Я бесконечно восхищался Лурией, еще когда был студентом-медиком и даже раньше. Когда в 1959 году слушал его лекцию в Лондоне, то был поражен сочетанием интеллектуальной мощи и человеческого тепла – с этими качествами мне часто приходилось сталкиваться по отдельности, но они не слишком часто встречаются вместе у одного человека, – и именно это сочетание доставляло мне такое удовольствие в его работах, которые представляли собой действенное противоядие от определенных тенденций в медицинских сочинениях, где авторы старались избавиться от всего субъективного и рефлективного. В ранних работах Лурии характеры были, пожалуй, несколько ходульными, но в них чувствовалась интеллектуальная теплота, и они росли в своей цельности, по мере того как Лурия становился старше. Кульминация наступила в его двух поздних сочинениях «Ум мнемониста» и «Человек с расколотым миром». Я не знаю, какая из этих работ повлияла на меня больше, но они вселили в меня смелость и облегчили написание и издание «Пробуждений».

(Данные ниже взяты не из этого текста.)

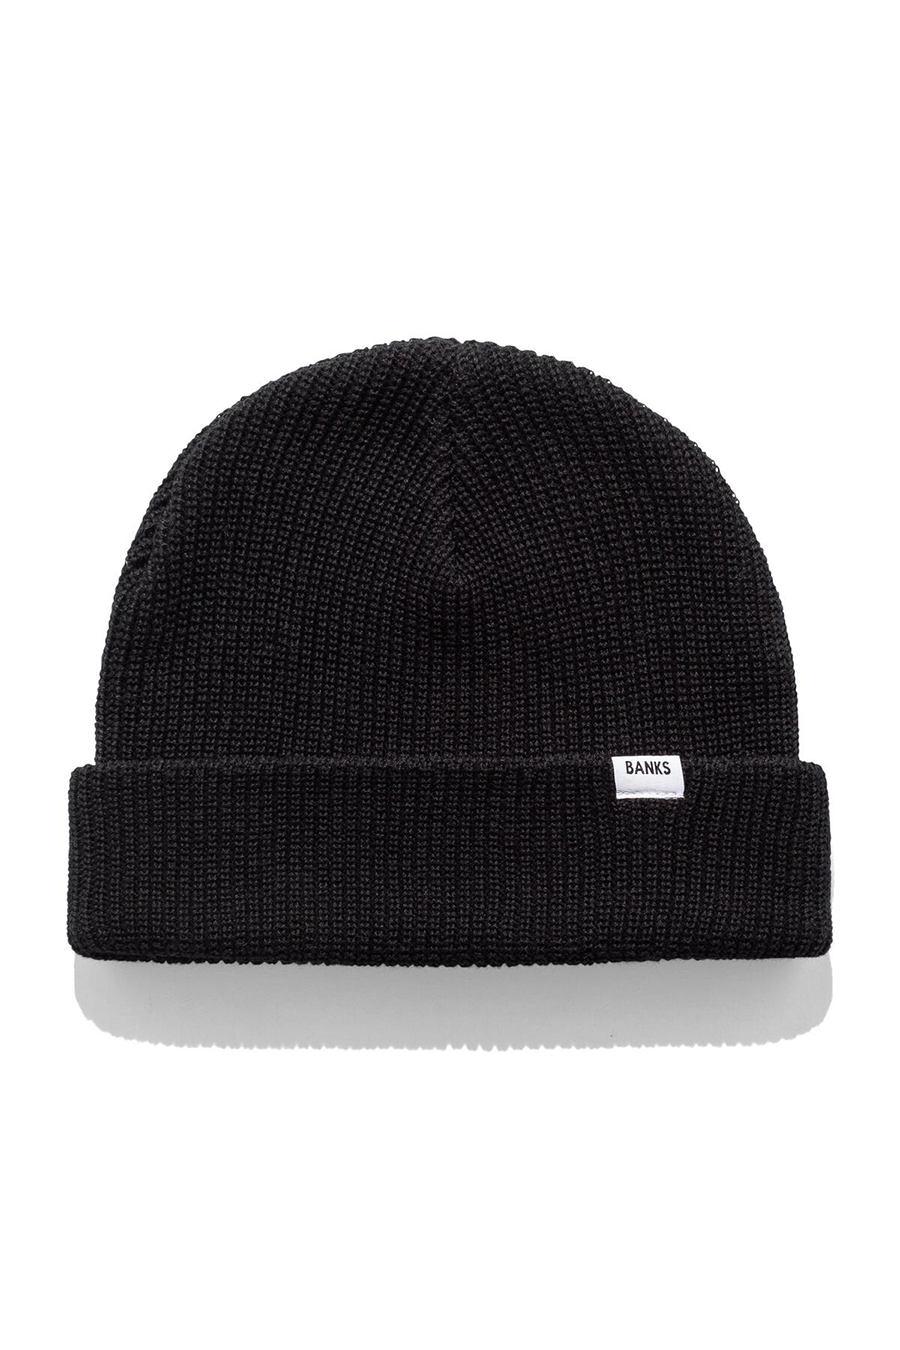 Primary Beanie | Black - Main Image Number 2 of 3

Лурия часто говорил, что вынужден писать книги двух типов, весьма различных между собой, но взаимно дополняющих друг друга: «классические» аналитические тексты (например, «Высшие корковые функции у человека») и «романтические», «биографические» книги (например, «Ум мнемониста» и «Человек с расколотым миром»). Я всегда сознавал эту двойную необходимость и всегда находил, что для освещения какой-либо клинической проблемы или для осмысления какого-либо конкретного клинического опыта потенциально требуется две книги: одна чисто «классическая», или «медицинская», – объективное описание расстройства, механизмов, синдромов; другая более экзистенциальная и личностная, с сочувственным проникновением в опыт и ощущения, во внутренний мир больного. Две такие книги зрели во мне, когда я впервые увидел постэнцефалитических больных: «Компульсия и скованность» (исследование подкорковых нарушений и механизмов их развития) и «Люди бездны» (романическое произведение в духе Джека Лондона). В 1969 году эти две книги наконец соединились у меня в одну – в книгу, которую я попытался сделать как «классической», так и «романтической». Она нашла свое место на пересечении биологии и биографии, соединила в себе, насколько это оказалось возможным, признаки научной парадигмы и искусства.
Но ни одна из этих моделей, в конце концов, не оказалась соответствующей моим требованиям, ибо то, что я искал, и то, что мне нужно было передать, не было ни чисто классическим, ни чисто романтическим, все это вписывалось в царство аллегории или мифа. Даже заголовок – «Пробуждения» – отчасти буквален, но отчасти несет на себе отпечаток аллегории или мифа.